Mai Rupa reist op een typische dag door zijn geboortestaat Shan in het oosten van Myanmar, waar hij de gevolgen van oorlog vastlegt.
Als videojournalist voor het online nieuwsplatform Shwe Phee Myay reist hij naar afgelegen steden en dorpen, verzamelt beeldmateriaal en voert interviews over uiteenlopende onderwerpen, van updates over de strijd tot de situatie van burgers die in een oorlogsgebied leven.
Zijn werk is riskant. De wegen liggen bezaaid met landmijnen en soms zoekt hij dekking voor luchtaanvallen en artilleriebeschietingen.
"Ik heb talloze mensen gewond zien raken en burgers voor mijn ogen zien sterven", aldus Mai Rupa.
"Deze hartverscheurende ervaringen hebben mij diep geraakt", vertelde hij aan Al Jazeera, "en hebben soms geleid tot ernstige emotionele stress."
Mai Rupa is een van de weinige moedige, onafhankelijke journalisten die nog steeds verslag doen van de situatie in Myanmar, waar een militaire staatsgreep in 2021 de fragiele overgang van het land naar democratie verwoestte en de persvrijheid wegvaagde.
Net als zijn collega's bij Shwe Phee Myay – een naam die verwijst naar de rijke geschiedenis van theeteelt in de staat Shan – gebruikt Mai Rupa liever een pseudoniem vanwege het risico dat hij zich publiekelijk identificeert als verslaggever van een van de laatste onafhankelijke mediakanalen die nog in het land actief zijn.
De meeste journalisten ontvluchtten Myanmar na de militaire machtsovername en de uitdijende burgeroorlog. Sommigen zetten hun verslaggeving voort door grensoverschrijdende reizen te maken vanuit hun werkbases in buurlanden Thailand en India.
Medewerkers van Shwe Phee Myay, een Birmees-talige krant met wortels in de Ta'ang-gemeenschap in de Shan-staat, blijven verslag doen van de situatie ter plaatse. Ze berichten over een regio in Myanmar waar verschillende etnische gewapende groeperingen al tientallen jaren tegen het leger vechten en soms zelfs met elkaar in botsing komen.
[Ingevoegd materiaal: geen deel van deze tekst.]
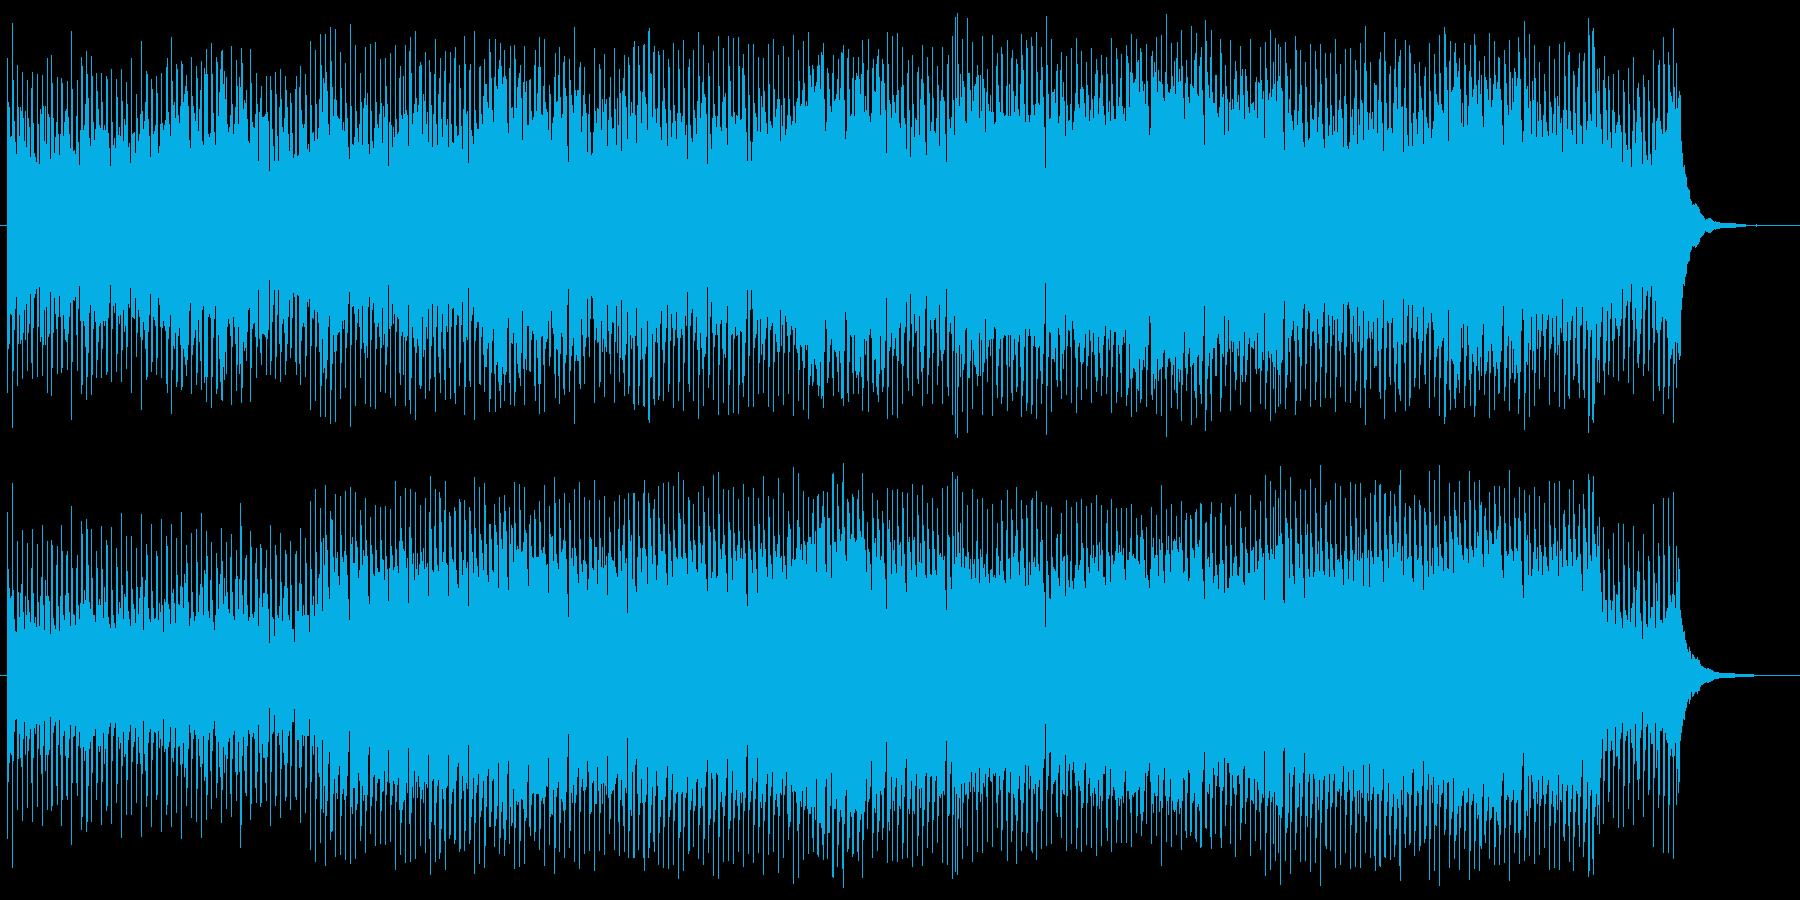 ほのぼのご機嫌なアコースティックポップの再生済みの波形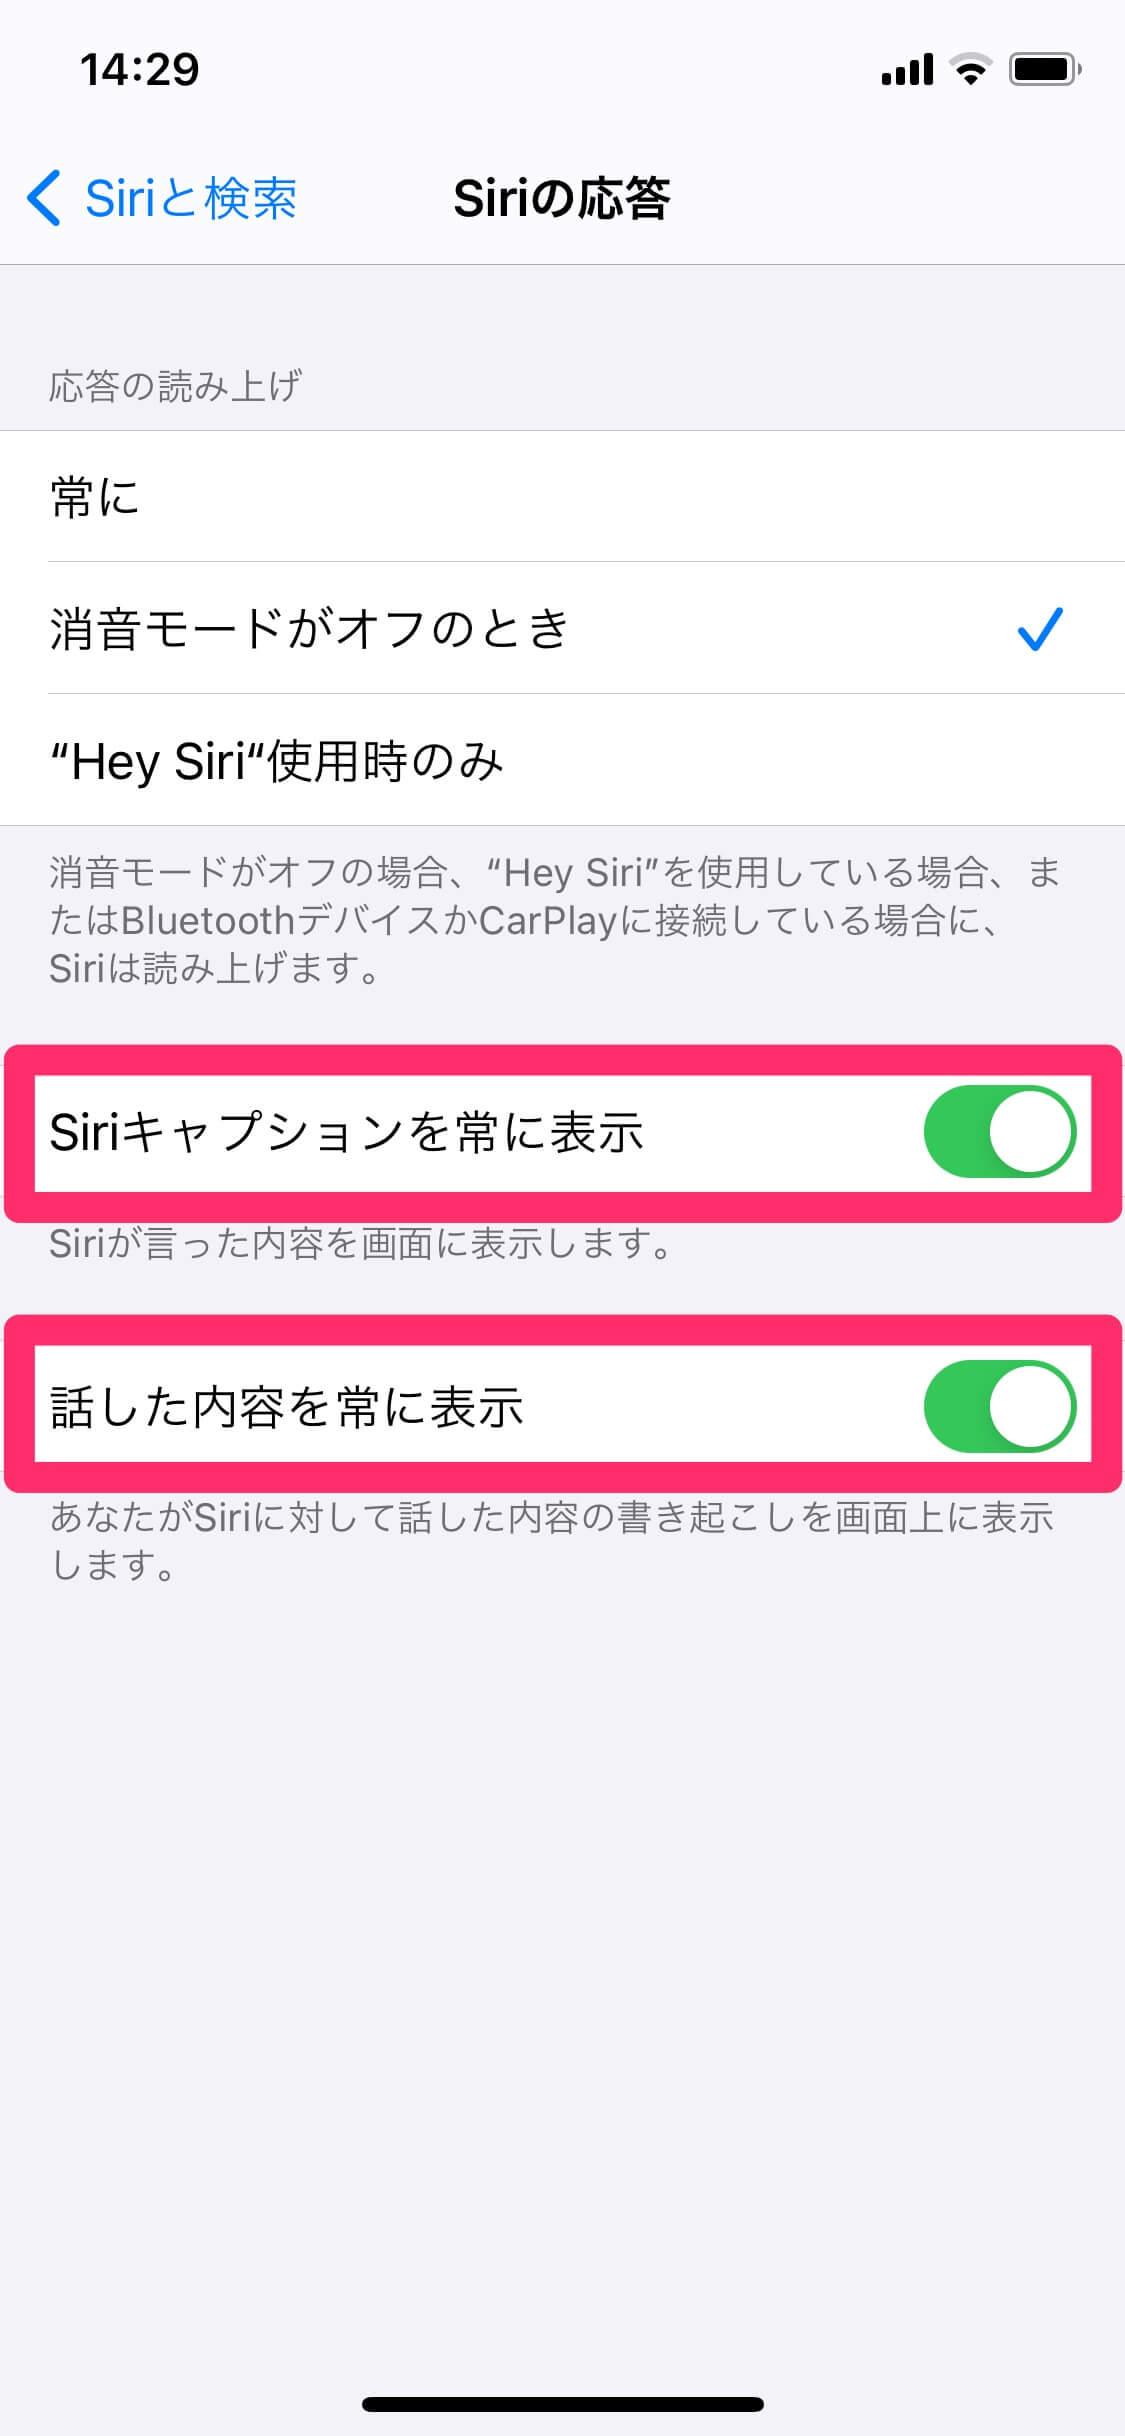 【iOS 14】まだアドレスバーから入力してるの? Web検索はコンパクトになったSiriが便利

Nadat het leger in Myanmar in februari 2021 een staatsgreep pleegde, werden de journalisten van Shwe Phee Myay geconfronteerd met nieuwe gevaren.
In maart van dat jaar ontsnapten twee verslaggevers van de krant ternauwernood aan arrestatie tijdens hun verslaggeving over pro-democratische protesten. Toen soldaten en politie twee maanden later hun kantoor in Lashio, de hoofdstad van de staat Shan, binnenvielen, was het hele team al ondergedoken.
In september arresteerde het leger de videoverslaggever van de organisatie, Lway M Phuong, wegens vermeende aanzetting tot en verspreiding van "vals nieuws". Ze zat bijna twee jaar in de gevangenis. De rest van het tienkoppige Shwe Phee Myay-team verspreidde zich na haar arrestatie, die plaatsvond te midden van de bredere repressie van het Myanmarese leger tegen de media.
Verspreid over de noordelijke deelstaat Shan in het oosten van het land, had het nieuwsteam aanvankelijk moeite om hun werk voort te zetten. Ze kozen ervoor om stedelijke gebieden te vermijden, waar ze mogelijk met het leger in aanraking zouden komen. Elke dag was een strijd om verslag te blijven doen.
"We konden niet over de hoofdwegen reizen, alleen over de binnenwegen", vertelt Hlar Nyiem, assistent-redacteur bij Shwe Phee Myay.
"Soms verloren we vier of vijf werkdagen in een week", zei ze.

Ondanks de gevaren gingen de verslaggevers van Shwe Phee Myay door met hun geheime werk om het publiek op de hoogte te houden.
Toen op 28 maart een aardbeving met een kracht van 7,7 op de schaal van Richter het centrale deel van Myanmar trof en meer dan 3.800 mensenlevens eiste, behoorden de journalisten van Shwe Phee Myay tot de weinigen die de nasleep vanuit het land zelf konden documenteren.
Het leger blokkeerde de toegang van de meeste internationale media tot de door de aardbeving getroffen gebieden. Als reden gaven ze aan dat ze moeite hadden met reizen en accommodatie. De weinige lokale verslaggevers die nog in het geheim in het land werkten, namen grote risico's om hun informatie naar de buitenwereld te krijgen.
"Deze journalisten blijven waarheden onthullen en de stemmen van mensen laten horen die het militaire regime koste wat kost het zwijgen op wil leggen", aldus Thu Thu Aung, een wetenschapper op het gebied van openbaar beleid aan de Universiteit van Oxford die onderzoek heeft gedaan naar het medialandschap in Myanmar na de staatsgreep.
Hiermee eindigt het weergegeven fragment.